Q: How have YouTube and other social networking sites changed your life?

If it weren’t for YouTube, I wouldn’t be best friends with my brother. I wouldn’t have the words “New York Times bestselling author” associated with my name. I wouldn’t have a way to join forces with other people and pool our resources to build huge water filters for villages in Bangladesh, and I wouldn’t be able to meet those villagers over video and come to know and care about them as people and not just two-dimensional images of poverty.

Q: What do you enjoy most about vlogging?

Immediate gratification. It takes me half a day to make a video, and that video can be watched a few hours after I finish making it. It takes me years to write a book, and another year after I finish it before it actually gets published.

Q: The Nerdfighter fanbase is huge, how do you feel about having this many people following something that you helped create?

Well, I don’t really think of Nerdfighters as a fanbase. (I think of myself as a Nerdfighter, for instance.) It’s just one identity among many. In some ways the Nerdfighter community is huge–I mean, you could fill up the Rose Bowl every day with people who watch our videos, and that’s a little weird to contemplate. But it’s actually quite tight-knit in other ways: I read thousands of emails and tweets and YouTube comments every day, and so I feel like I know the people we’re doing stuff with. And unlike most fan communities, the Nerdfighters aren’t just watching something or reading something. They’re doing things with us. So it’s not just about watching videos; it’s also about coming together to build pond sand filters for people in Bangladesh who don’t have access to clean water.

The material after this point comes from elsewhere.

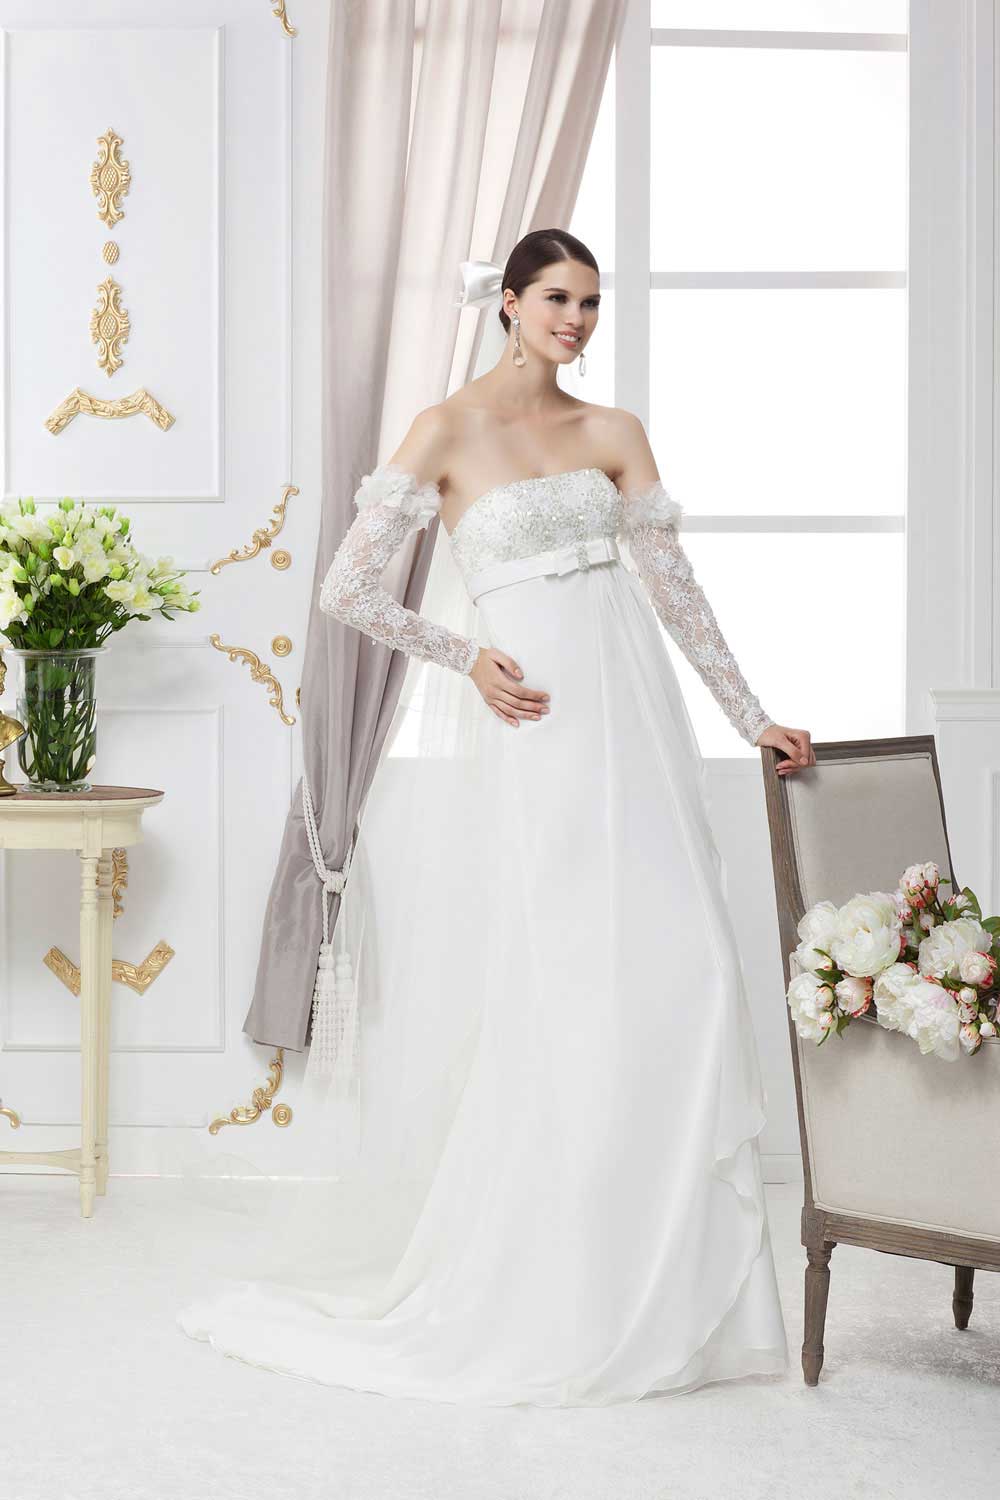 wedding dresses in Lebanon, weddings in Lebanon, wedding gowns in Lebanon, Lebanon wedding dresses, Lebanese brides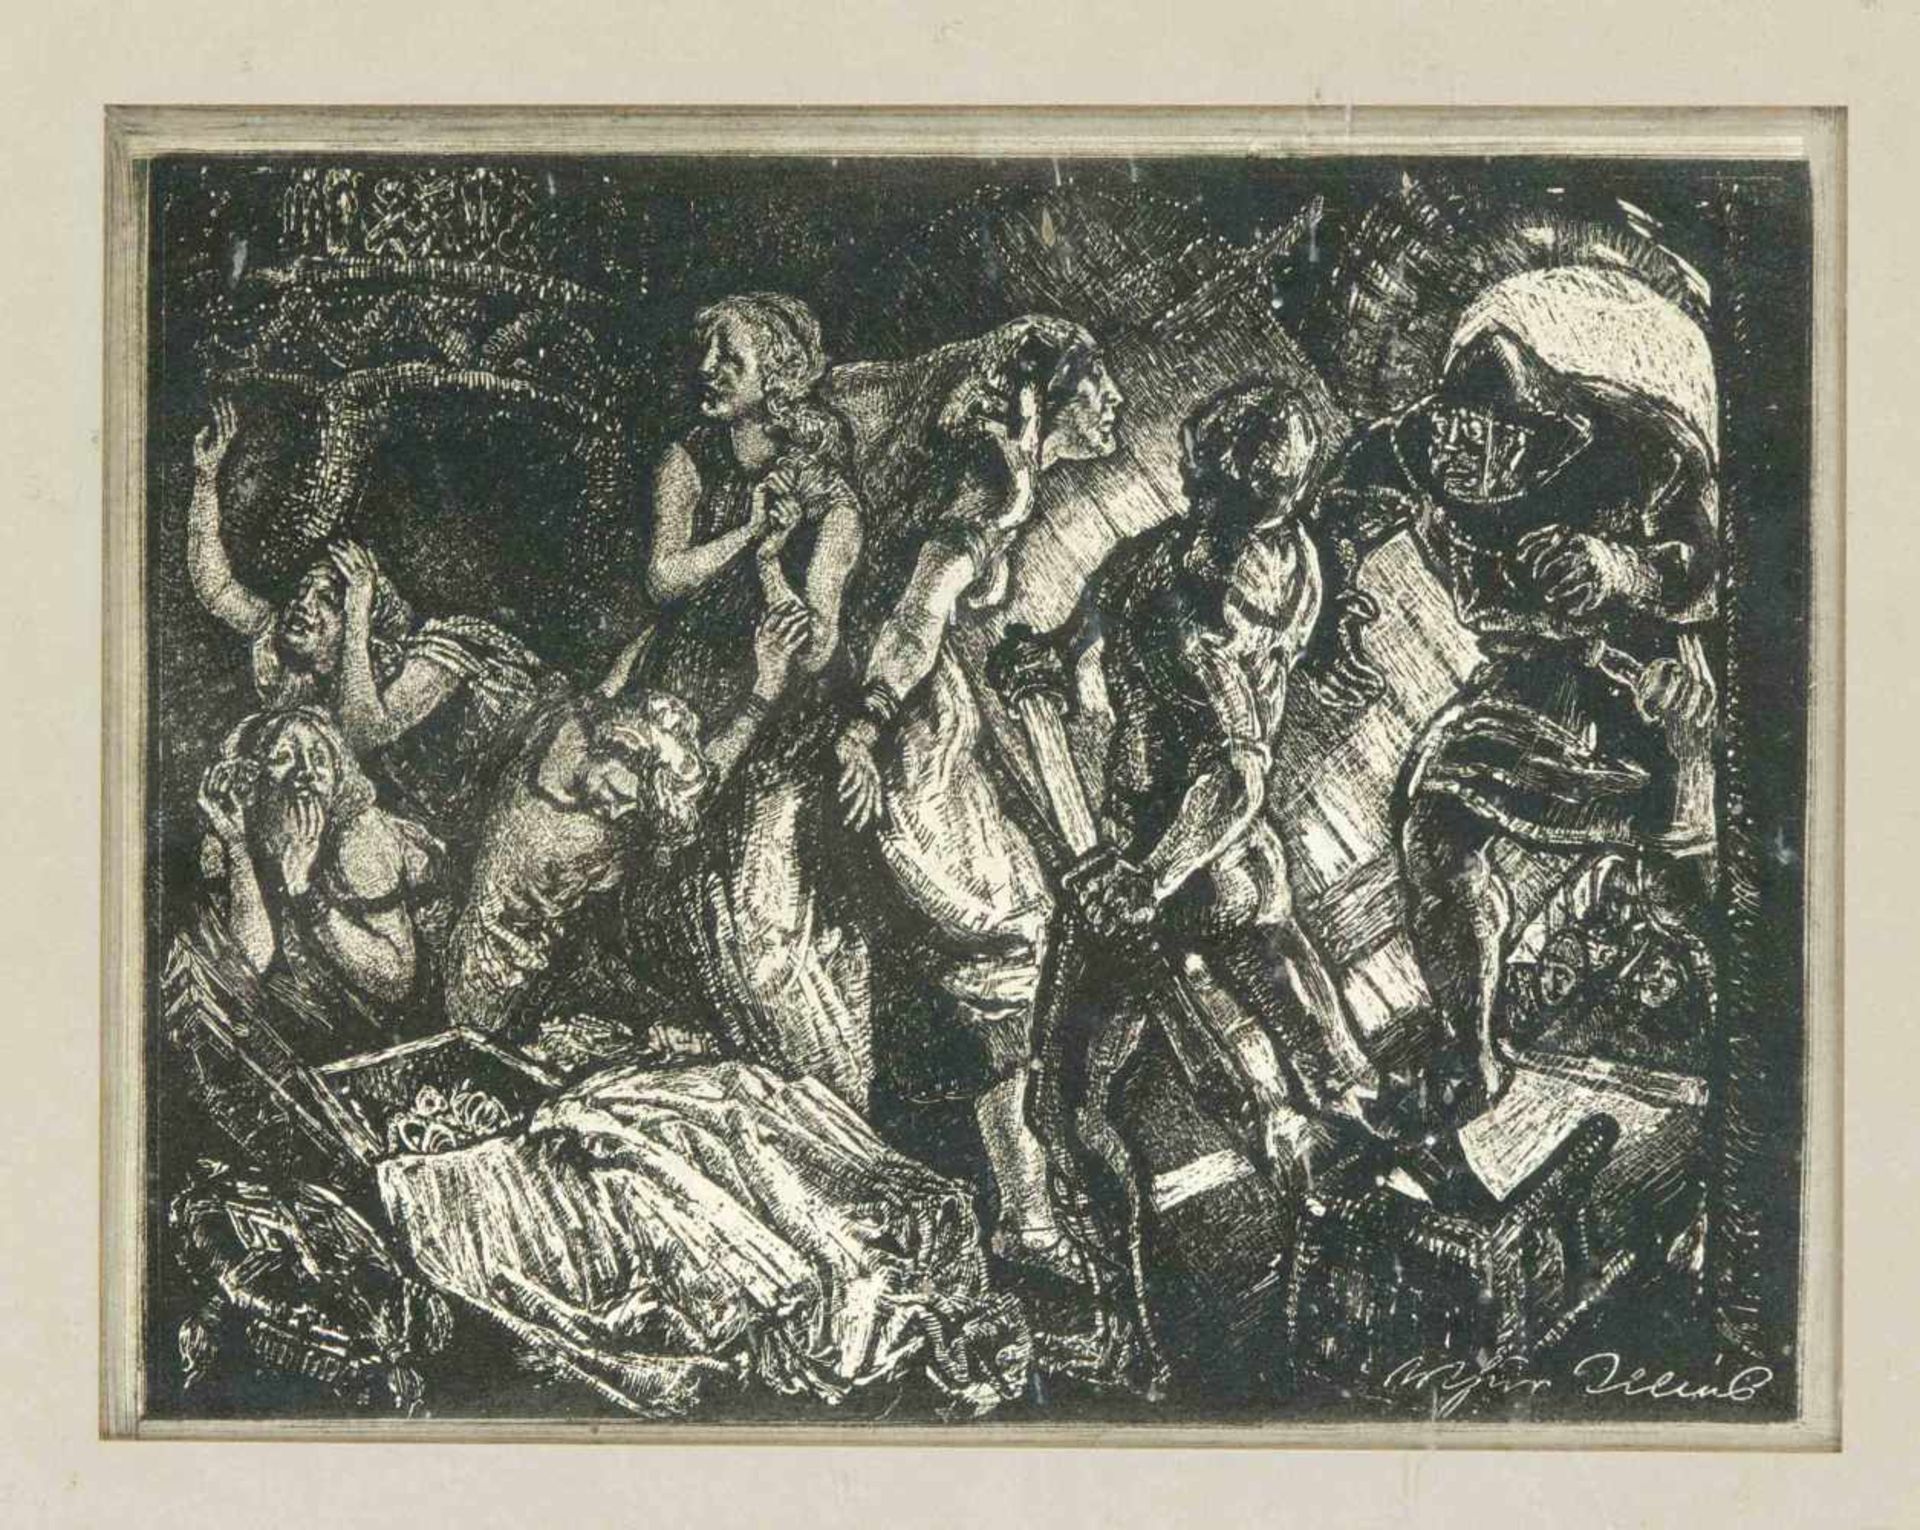 Arthur Illies (1870-1952), Konvolut von 2 illustrativen Lithographien: Reiter im Schneeund Überfall,

Q: What kind of camera do you use?

I use a Canon 70D and edit my videos with Adobe Premiere.

Q: You’re on YouTube?

Yeah, this surprises a lot of people who visit my web site, because they think of me as a writer. But yes, I am on youtube. My brother Hank and I have had a collaborative video channel since January of 2007; we’ve made more than 1,000 videos, which have been viewed more than 800 million times.